Darker than a musical comedy, less imposing than an opera, more balletic than a song-and-dance show, West Side story’s tightly integrated movement, drama, design, and music signaled an important shift in U.S. musical theater.
Although its unity and coherence have drawn popular and scholarly attention, further study of the work reveals myriad interpretations and approaches—the inevitable result of a collaborative process. The choreographer Jerome Robbins wanted to create a classic, tragic dance vehicle combining ballet and popular styles; for Leonard Bernstein, it would mark the second attempt at writing the long-sought major American opera.

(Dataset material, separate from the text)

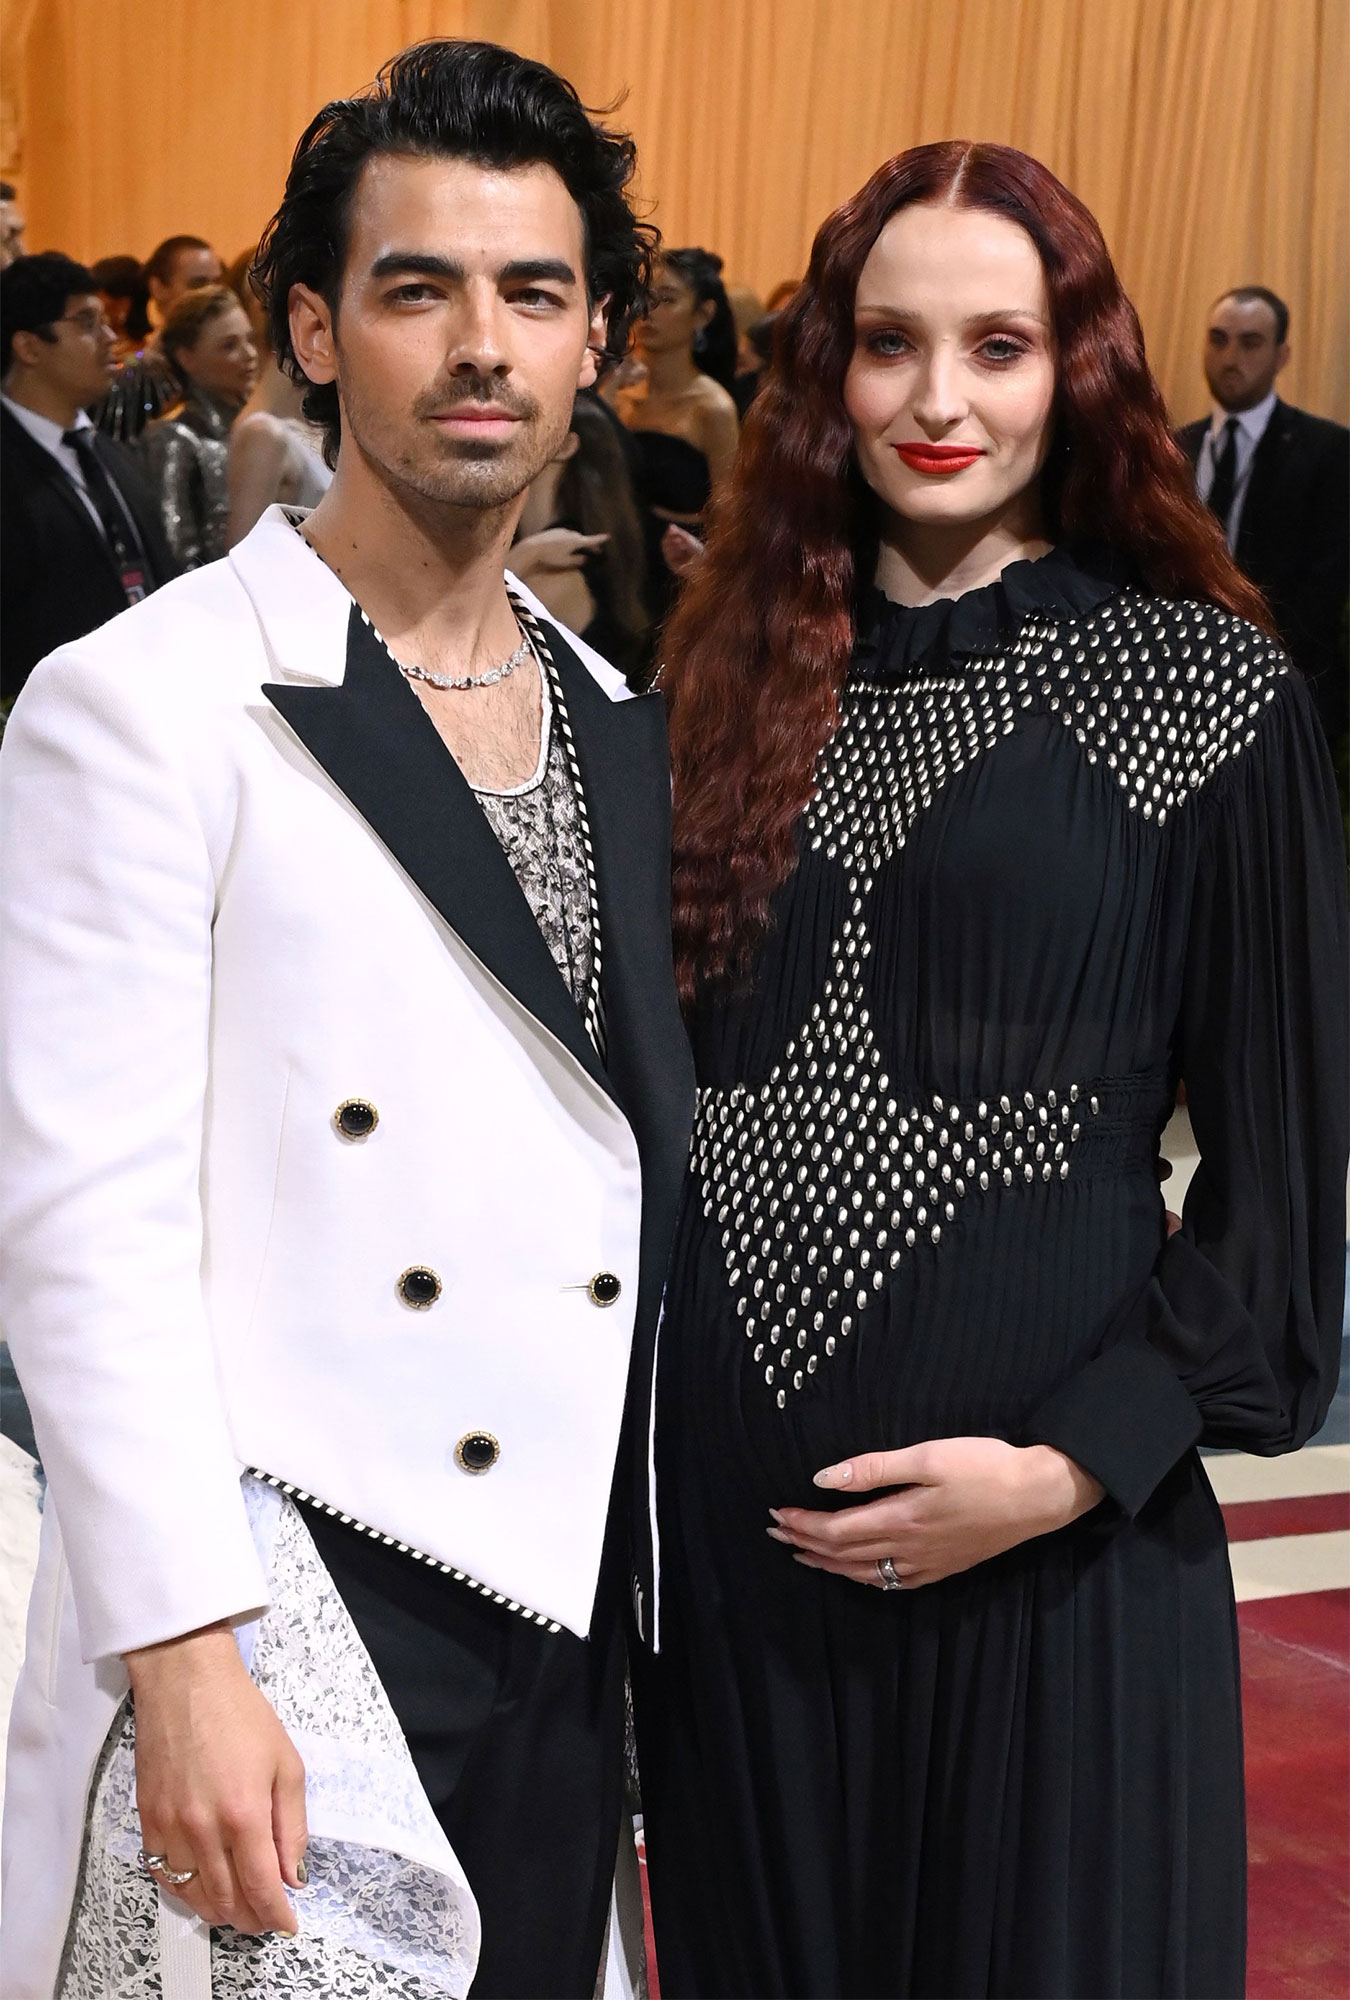 Joe Jonas and Sophie Turner of 'Game of Thrones' Attend Met Gala  After-Party Together
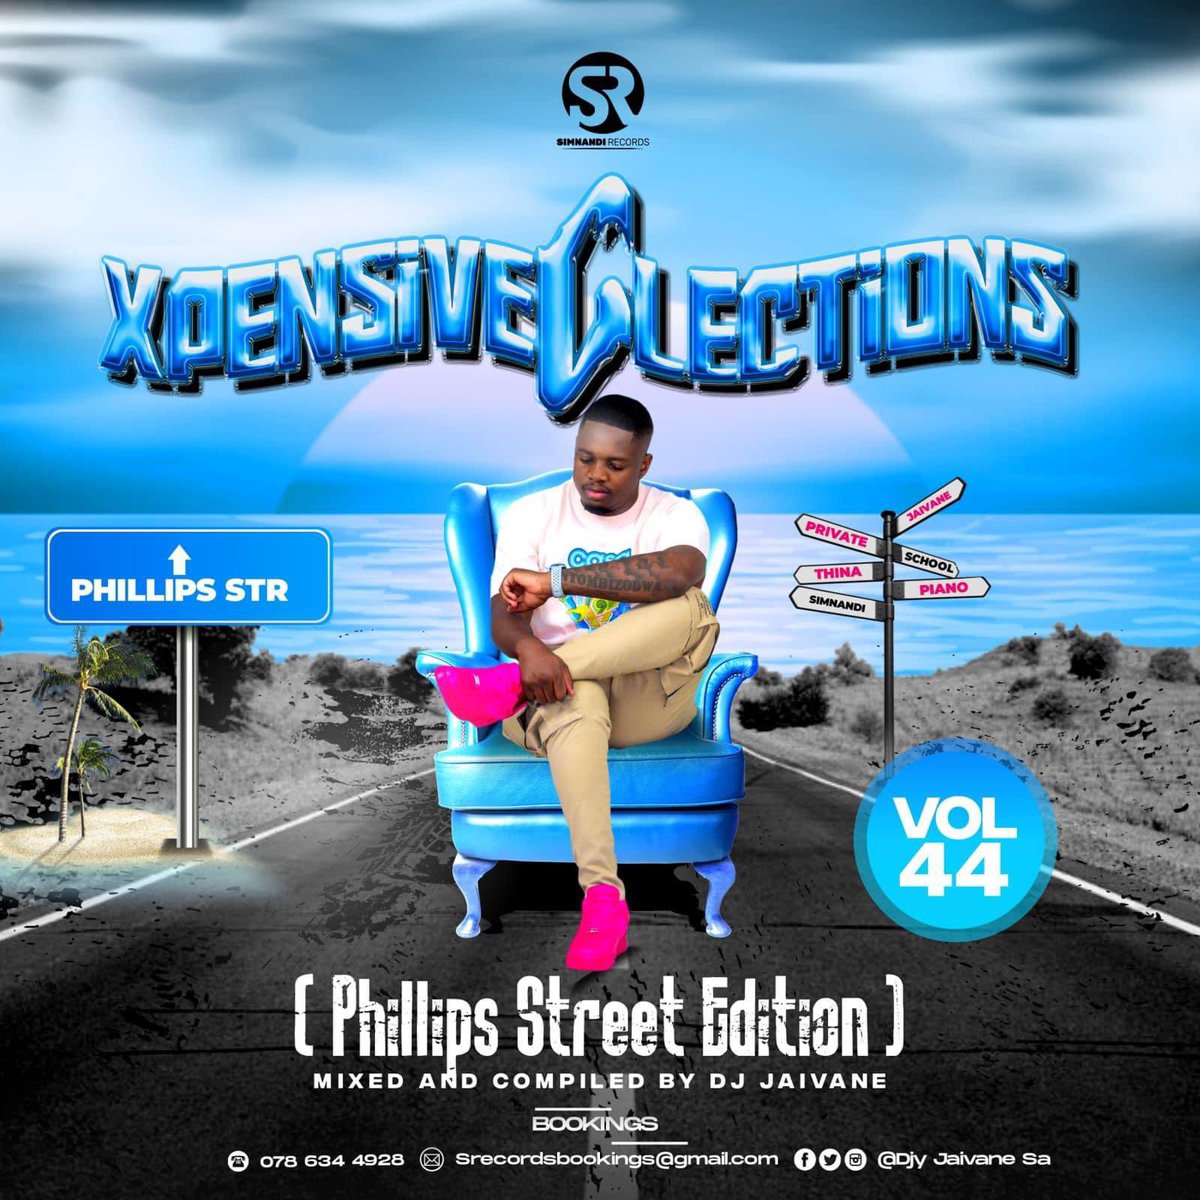 Phillips Street Edition 🔥🚨 Link 1 iPhone Users: podcasts.apple.com/us/podcast/djy… Link 2 Android Users: hearthis.at/djy-jaivane/xp… Link 3 YouTube: youtu.be/vid0YEuQsHQ #OwnLaneBoy🛣️🐘 #XCVol44_PhillipsStreetEdition🔥

Torn between conflicting desires for popular success and status as a “serious” composer, Bernstein used eclecticism as a starting point for the creation of an accessible American art music. At the same time, pressure to create something “serious” within the compositional environment of the 1950s seems to have led him to employ the tritone both as a structural tool and a unifying surface detail, as well as reflecting the unusually dark subject matter of the work.
West Side story brought together some of the most prevalent and pressing issues of musical and cultural life of its day, from the New York Puerto Rican “problem” to the insurgence of juvenile delinquency. In addition, Robbins’s strongly ritualistic, tableau-oriented vision, with its privileging of male over female characterization, suggests a reading linking the work to longstanding mythical and literary archetypes—but also bringing up questions of the depiction of gender and ethnicity.
Such archetypes also inform Arthur Laurents’s book, one of the shortest on record for a Broadway musical. As in his other socially conscious works, Laurents mirrored Robbins’s dramatic agenda: the creation of an American mythology of urban life that could be contemporary but also lasting.
This according to West Side story: Cultural perspectives on an American musical by Elizabeth A. Wells (Lanham: Scarecrow Press, 2011; RILM Abstracts of Music Literature 2011-402).